姜稚梨知道他说的是事实。
她留在这里,只会让他分心。
她咬了咬牙,从药囊里掏出一个小瓷瓶塞到郝轻舟手里:“这里面是提神和止血的药粉,你小心点。”
说完,她不再犹豫,转身就对那几个护卫说:“我们走!”
老王和老李立刻护在她和谢清羽身前,朝着郝轻舟指的那条隐蔽小路快速退去。
刀疤脸见他们要跑,大喝一声:“想跑?没那么容易!给我追!”
郝轻舟猛地抽出腰间软剑,剑身在阳光下划出一道寒光,他横剑挡在路中央。
“追?先问问我手里的剑答不答应,你们的对手,是我。
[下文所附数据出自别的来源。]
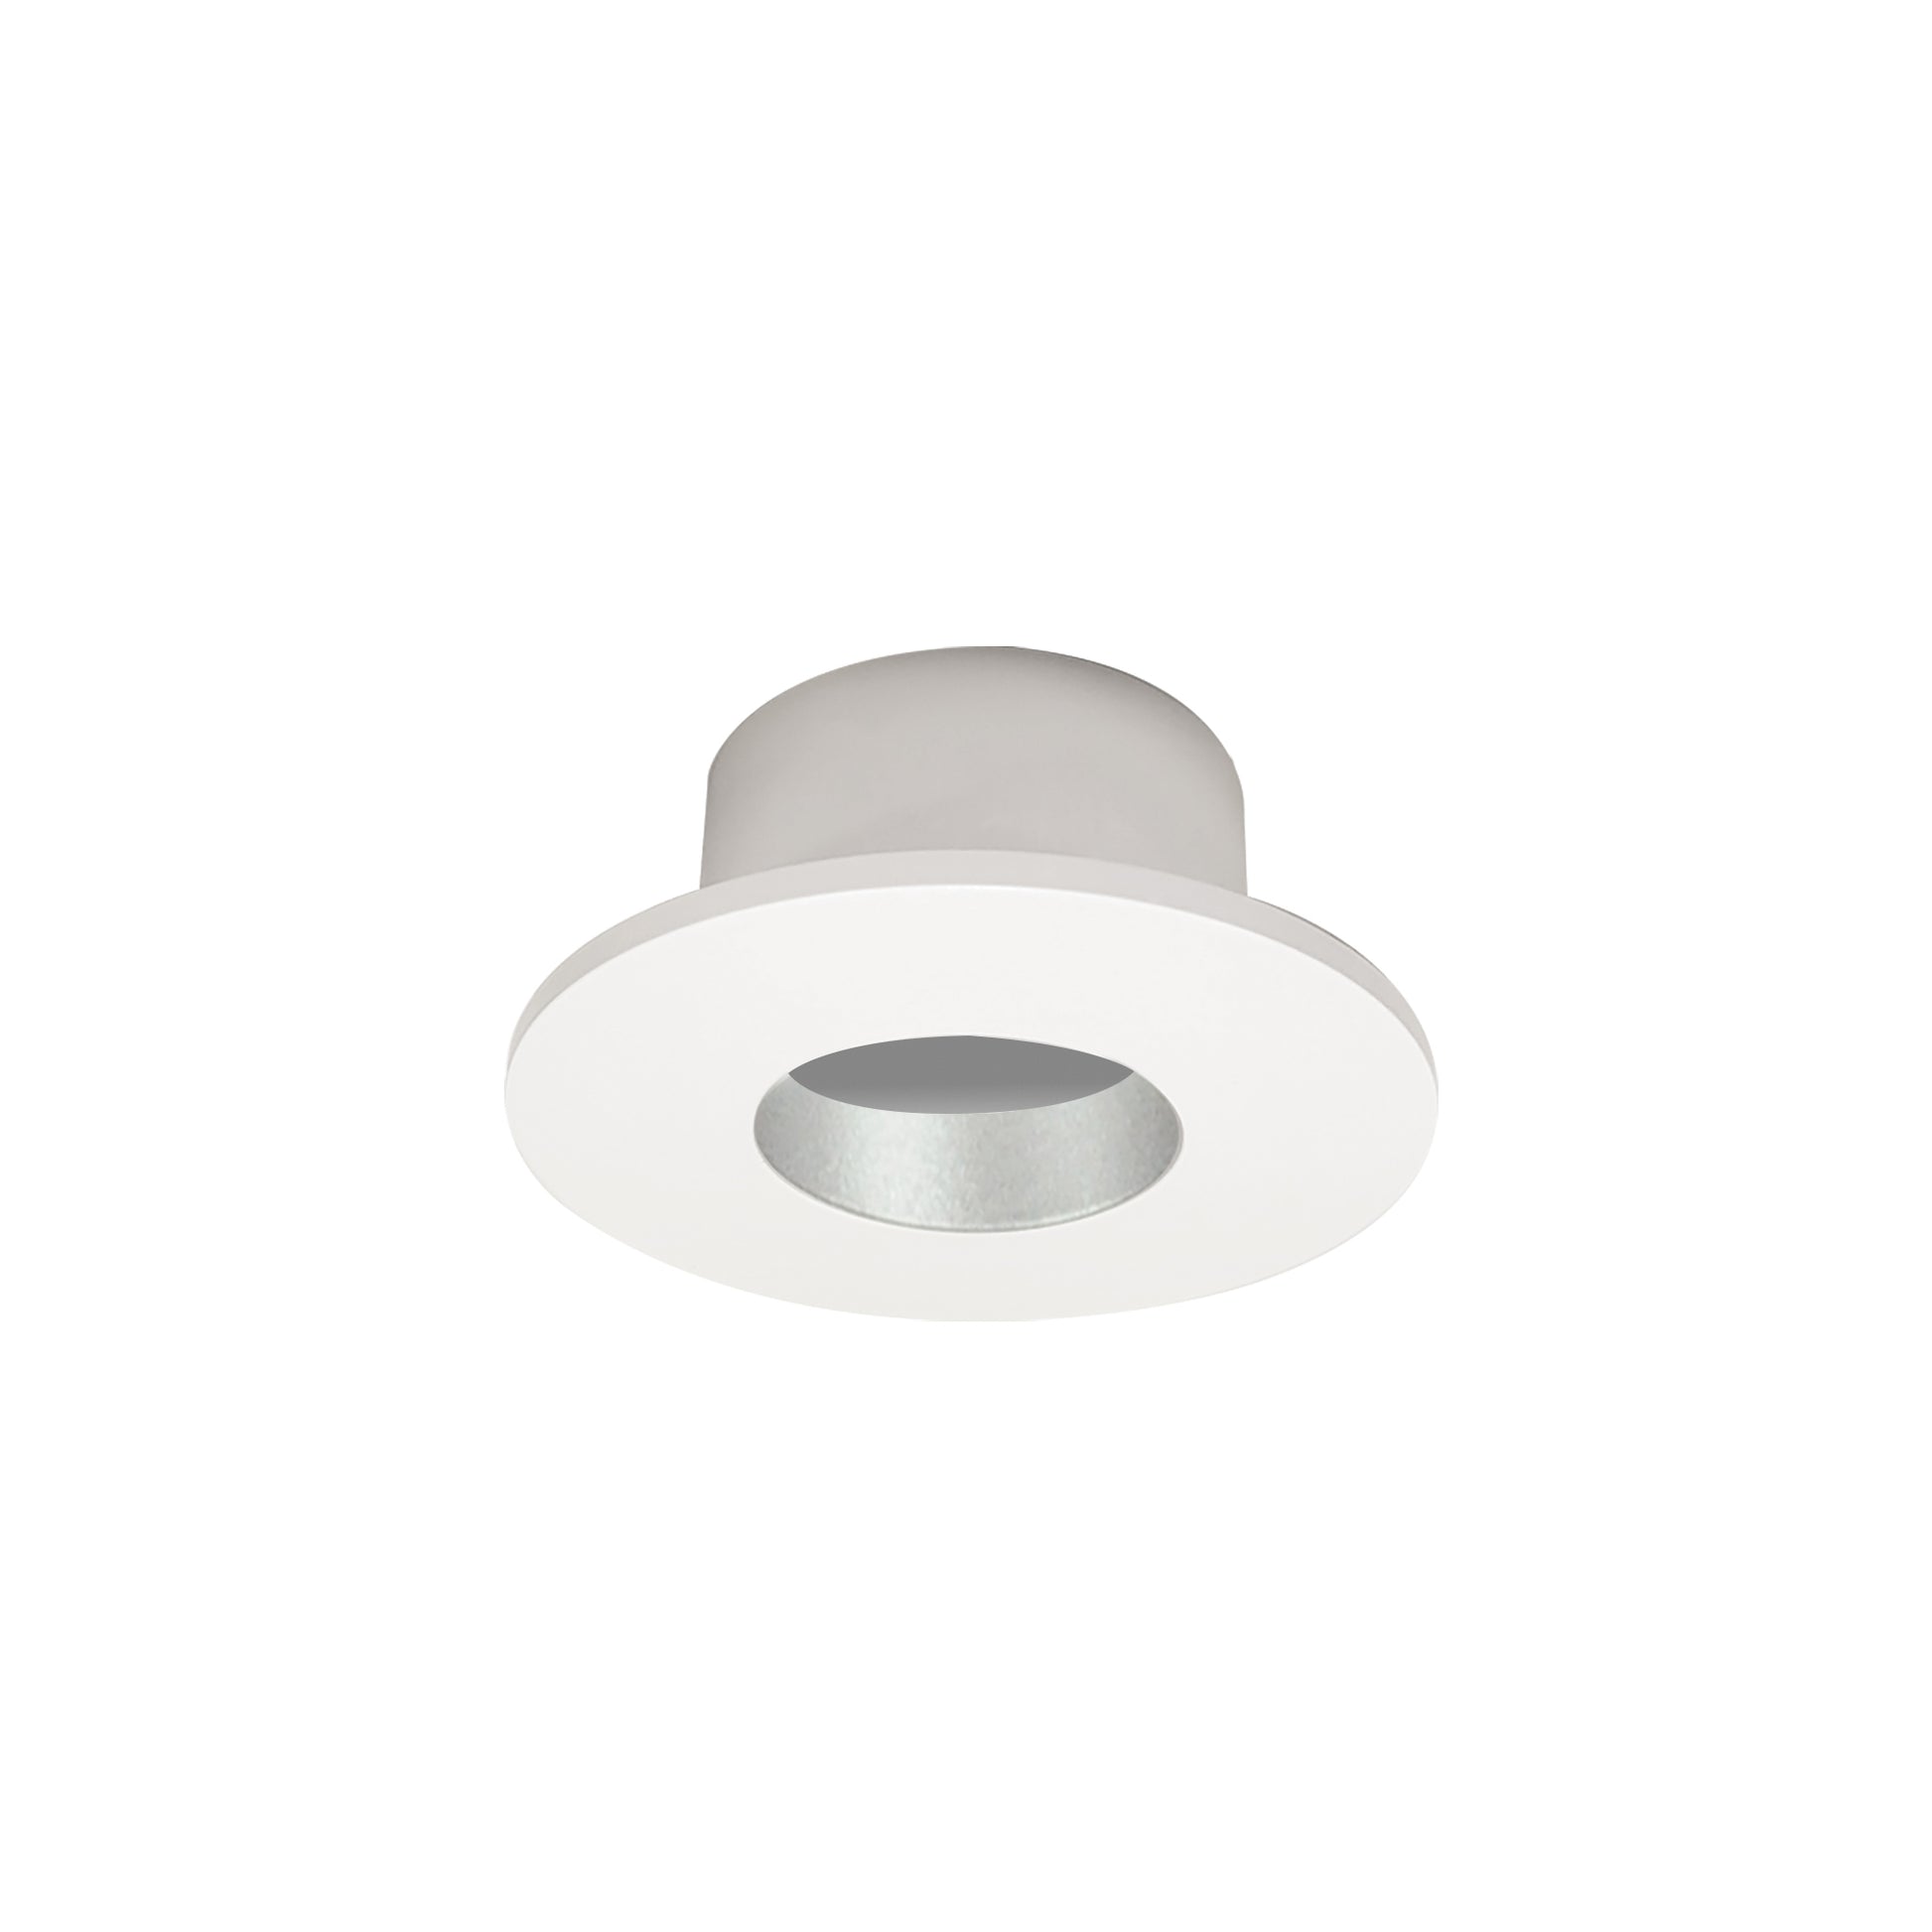 1-Inch Nora Lighting Iolite LED Recessed Downlight Trim -  Can-less Round Fixture 2

”
快跑!快跑!姜稚梨脑子里只剩下这个念头。
她和谢清羽在那几个护卫的拼死掩护下,沿着陡峭的小路往山上跑,身后是强盗凶狠的喊杀声和兵器碰撞的声音。
护卫们且战且退,不断有人受伤倒下。
“这边!往这边!”
一个护卫指着前面一片相对平坦的地方喊道,那里拴着他们来时骑的马。
姜稚梨心里刚升起一丝希望,就看到几个强盗凶神恶煞地追了上来,直接砍断了缰绳。
马匹受惊,嘶鸣着四散奔逃,瞬间就跑没影了。
“娘的,马没了!”护卫老王骂了一句,挥刀挡住一个强盗劈来的砍刀,虎口都被震麻了。
“走,继续往山上撤。”另一个护卫老李胳膊上已经挂了彩,鲜血直流,却依旧死死护在姜稚梨和谢清羽身前。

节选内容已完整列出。